■ **ACTION ITEM**
The answer must reproduce all of the data below exactly and contain no images.

■ **RECORDED DATA**

§

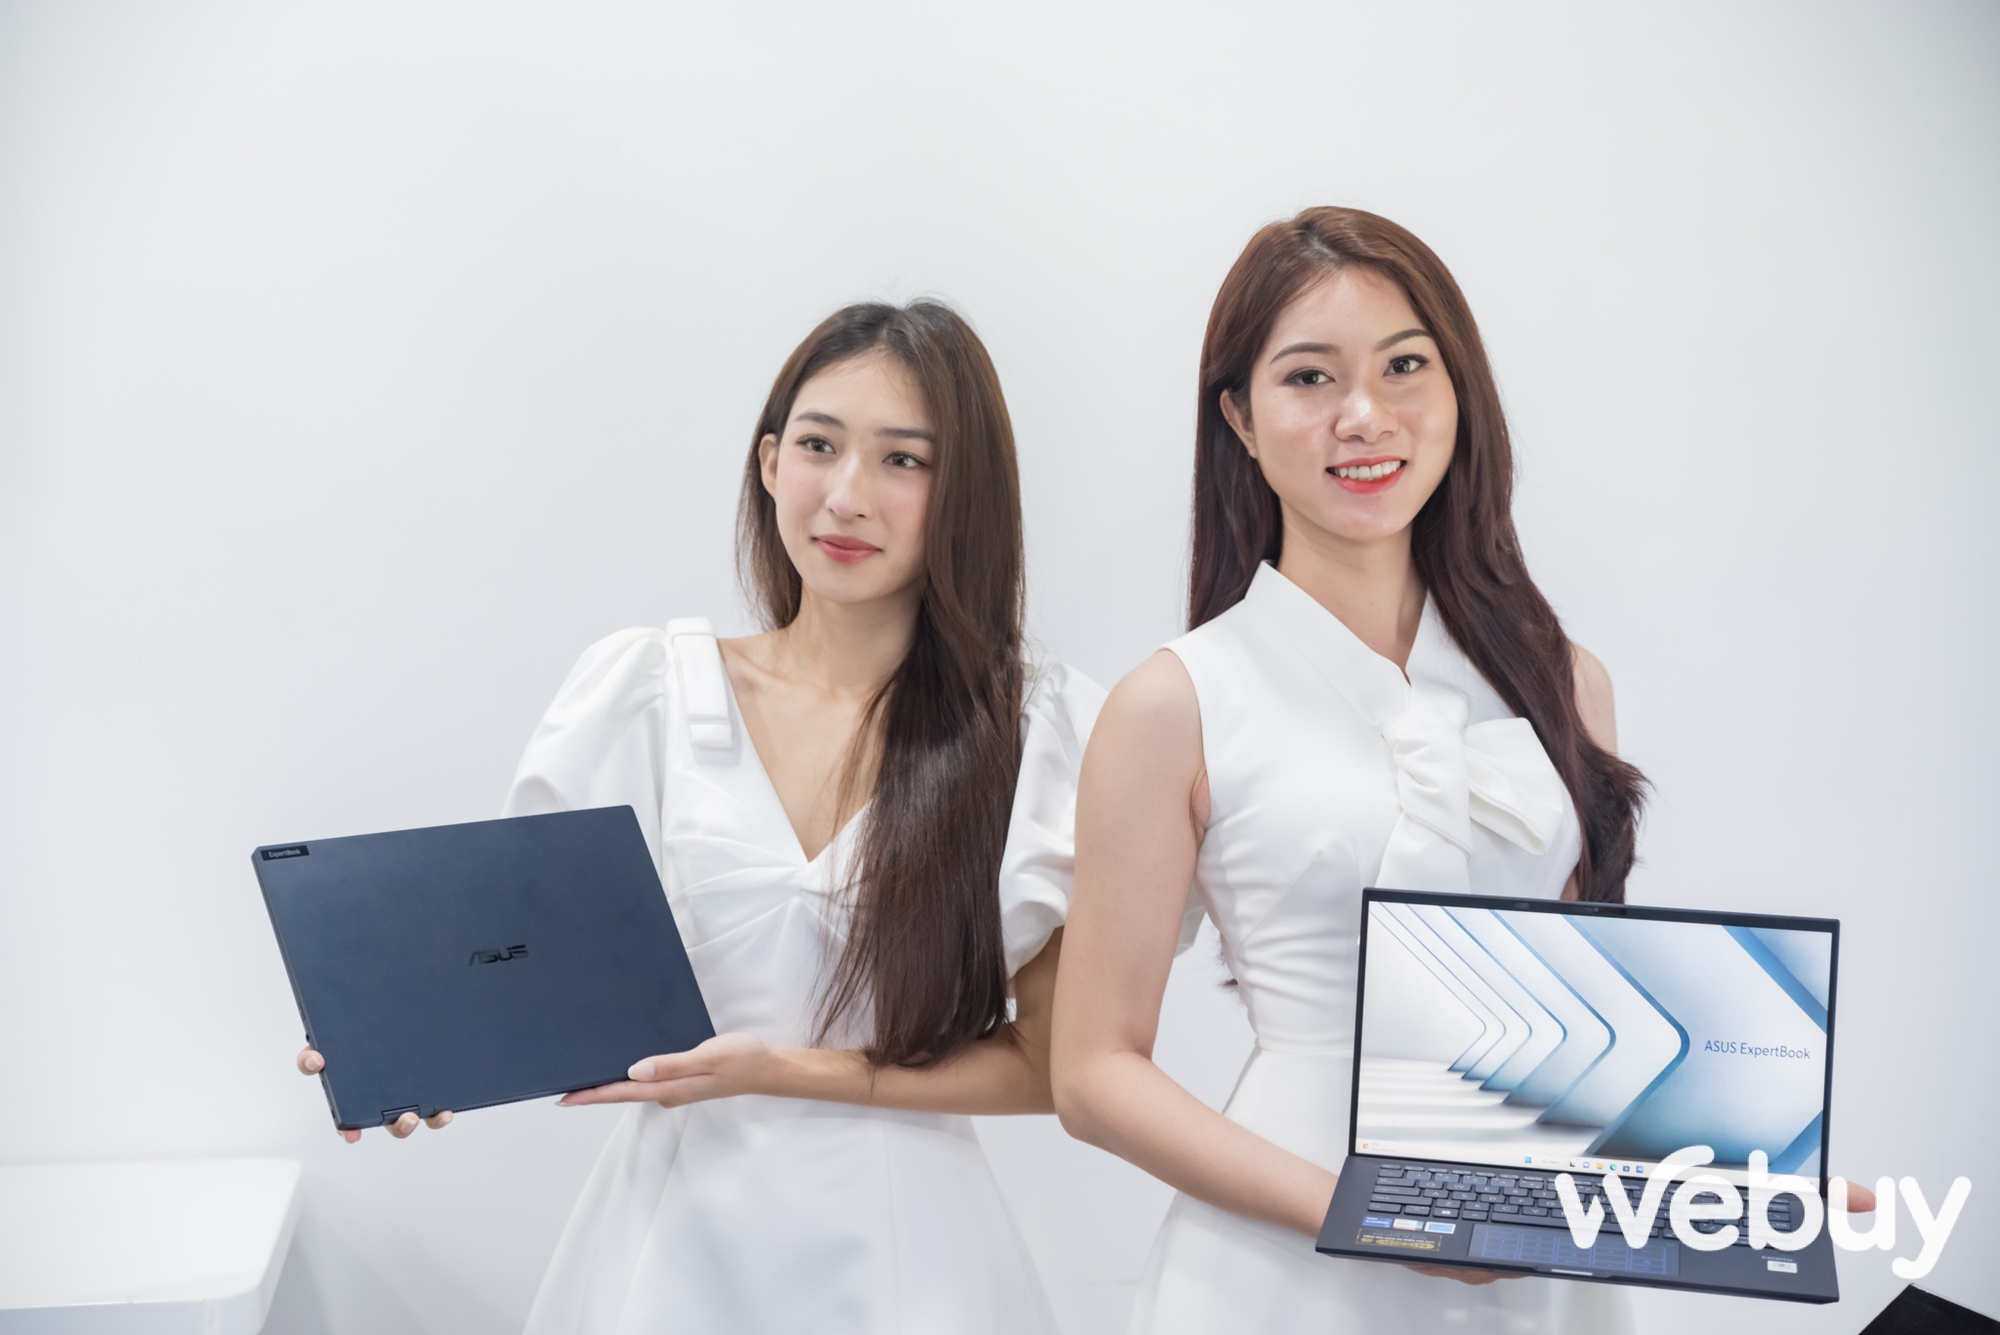 ASUS giới thiệu loạt laptop ExpertBook thế hệ mới, đa dạng lựa chọn hướng đến đối tượng khách hàng doanh nghiệp - Ảnh 1.
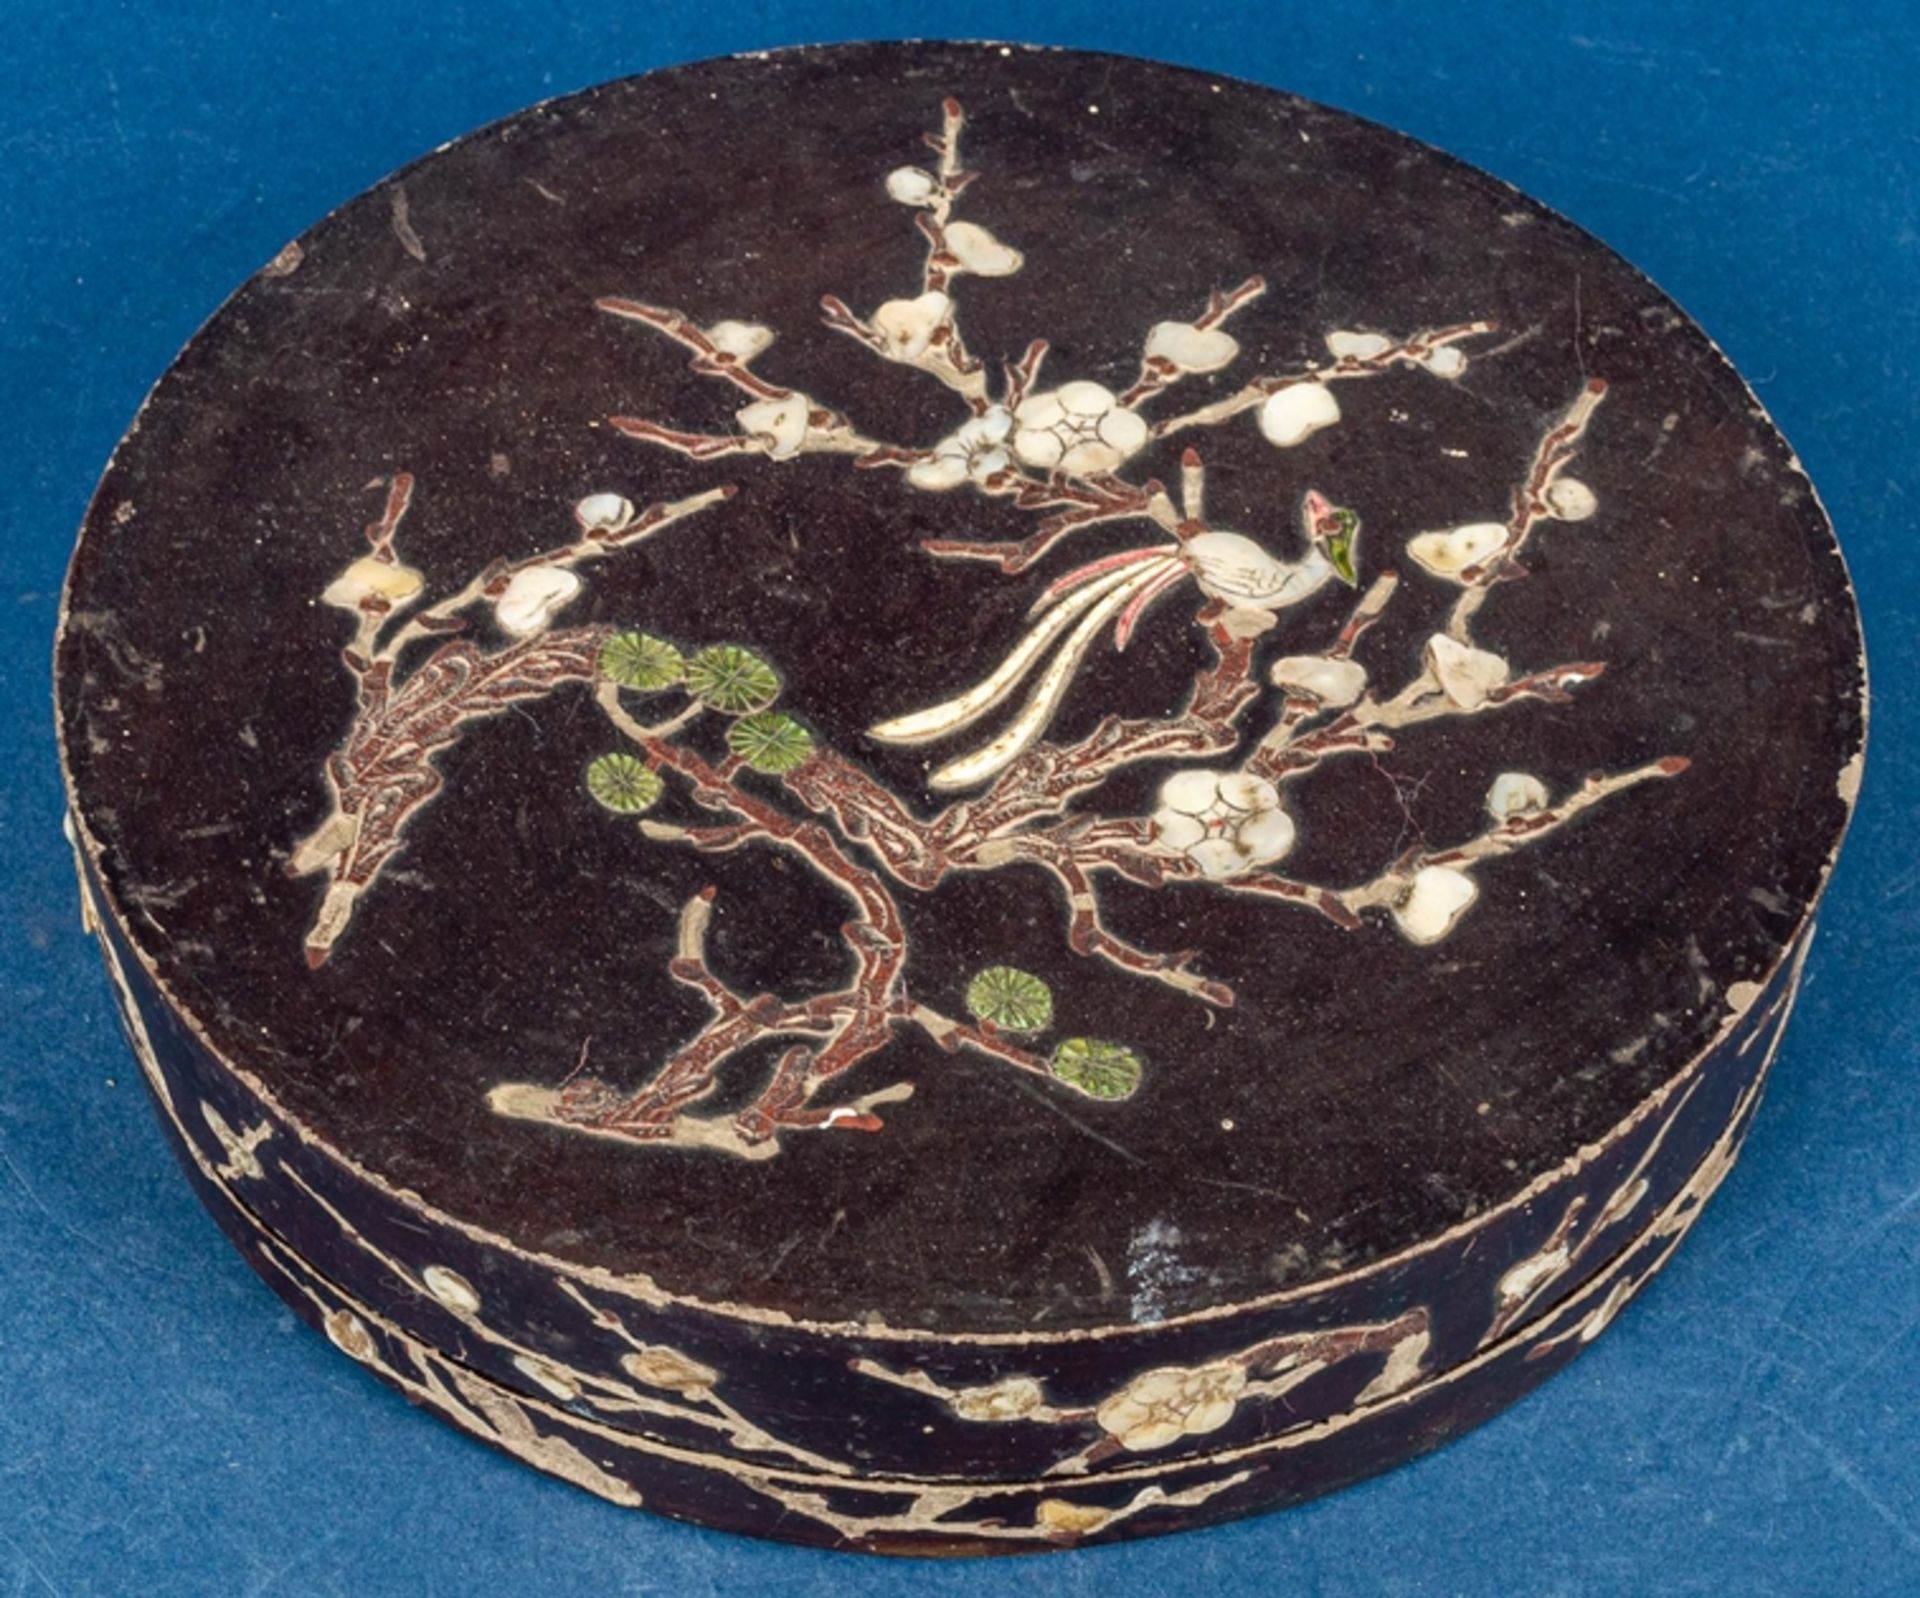 Rundes Vorspeisenset in schwarzem Lackkasten, China Qing - Dynastie, Anfang 20. Jhdt., Durchmesser 
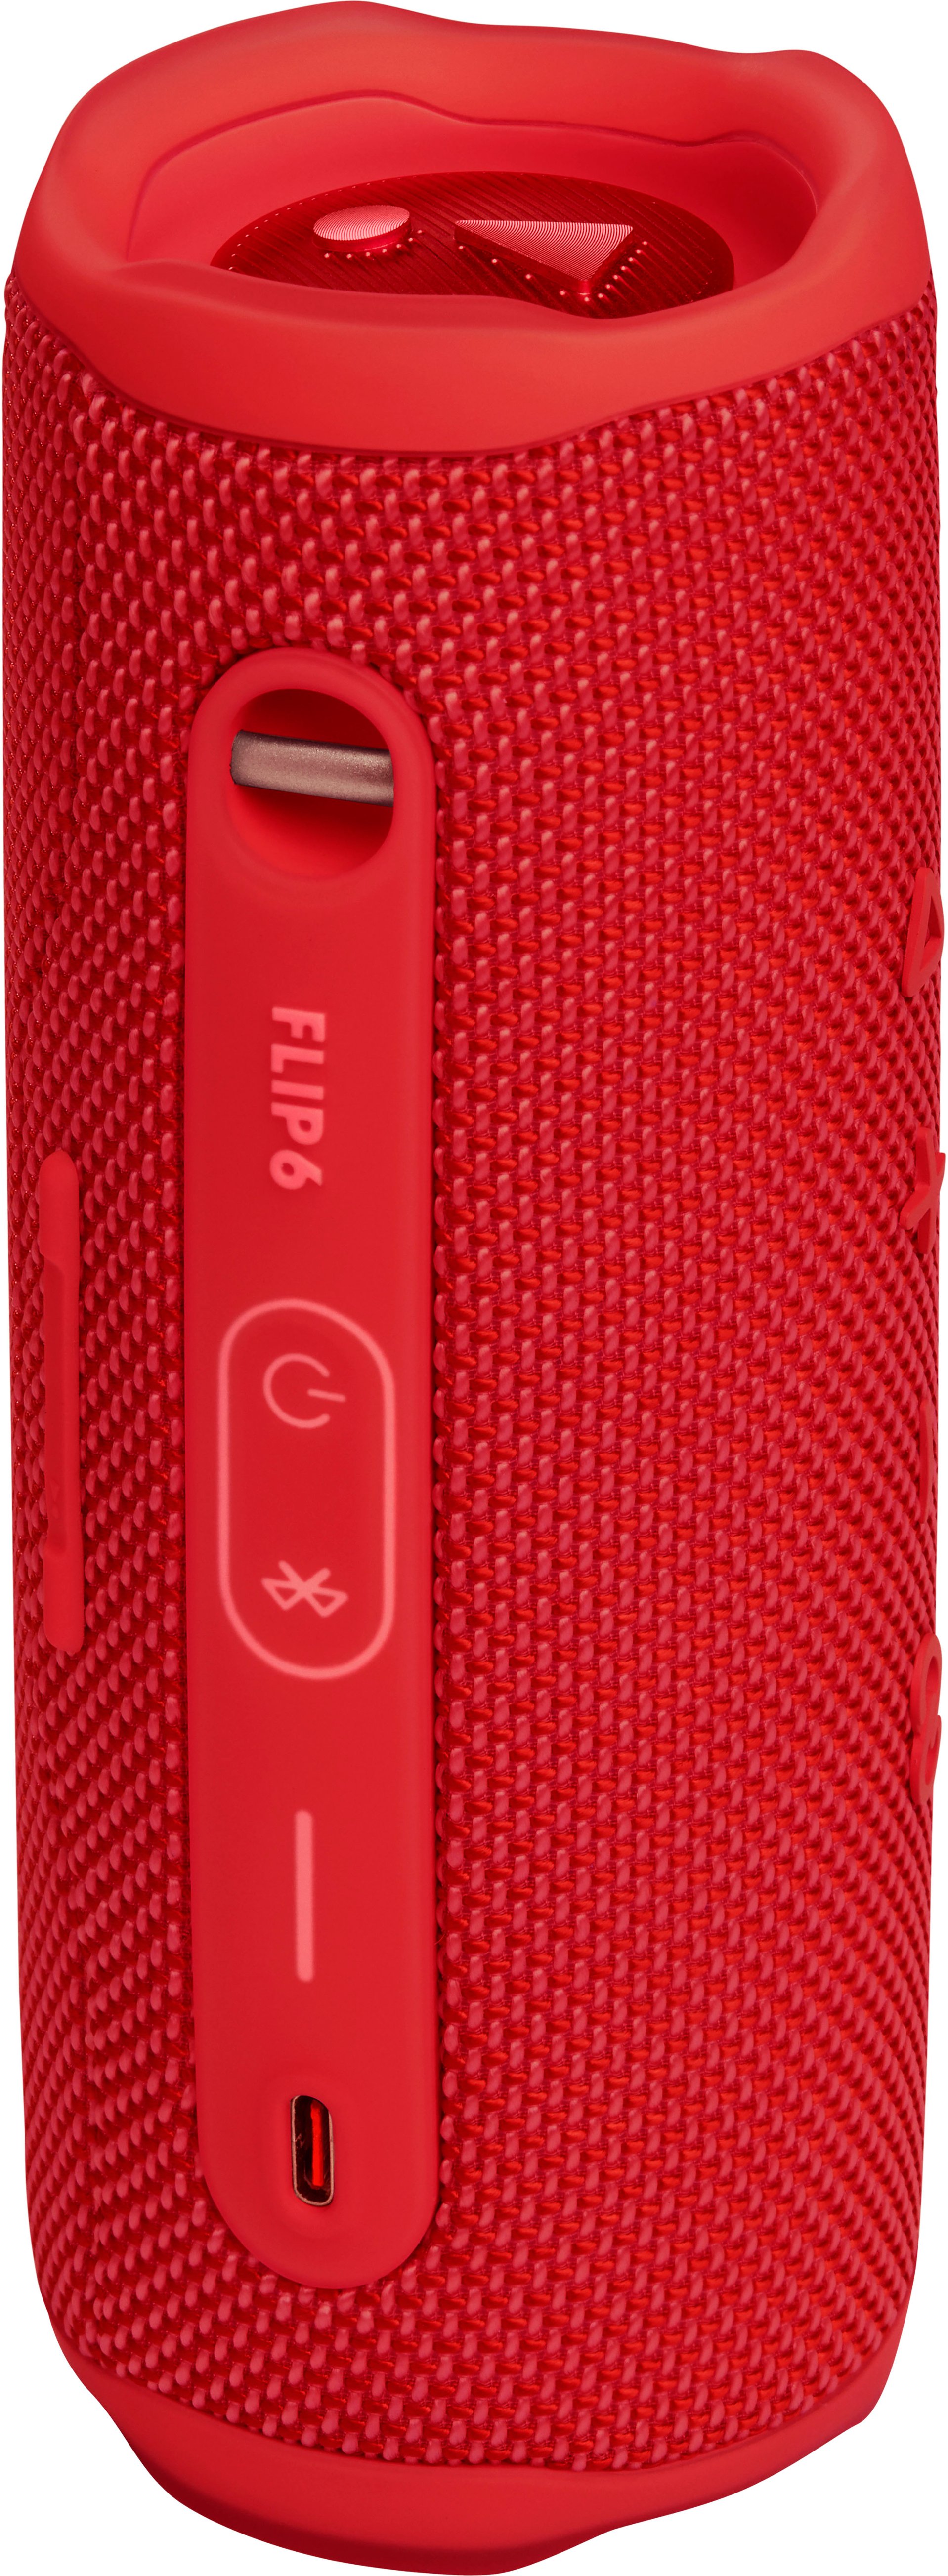 JBL FLIP6 Speaker Best Buy JBLFLIP6REDAM Waterproof Portable - Red

§

■ **TASK RESPONSE**
 ASUS giới thiệu loạt laptop ExpertBook thế hệ mới, đa dạng lựa chọn hướng đến đối tượng khách hàng doanh nghiệp - Ảnh 1.
 Rundes Vorspeisenset in schwarzem Lackkasten, China Qing - Dynastie, Anfang 20. Jhdt., Durchmesser 
 JBL FLIP6 Speaker Best Buy JBLFLIP6REDAM Waterproof Portable - Red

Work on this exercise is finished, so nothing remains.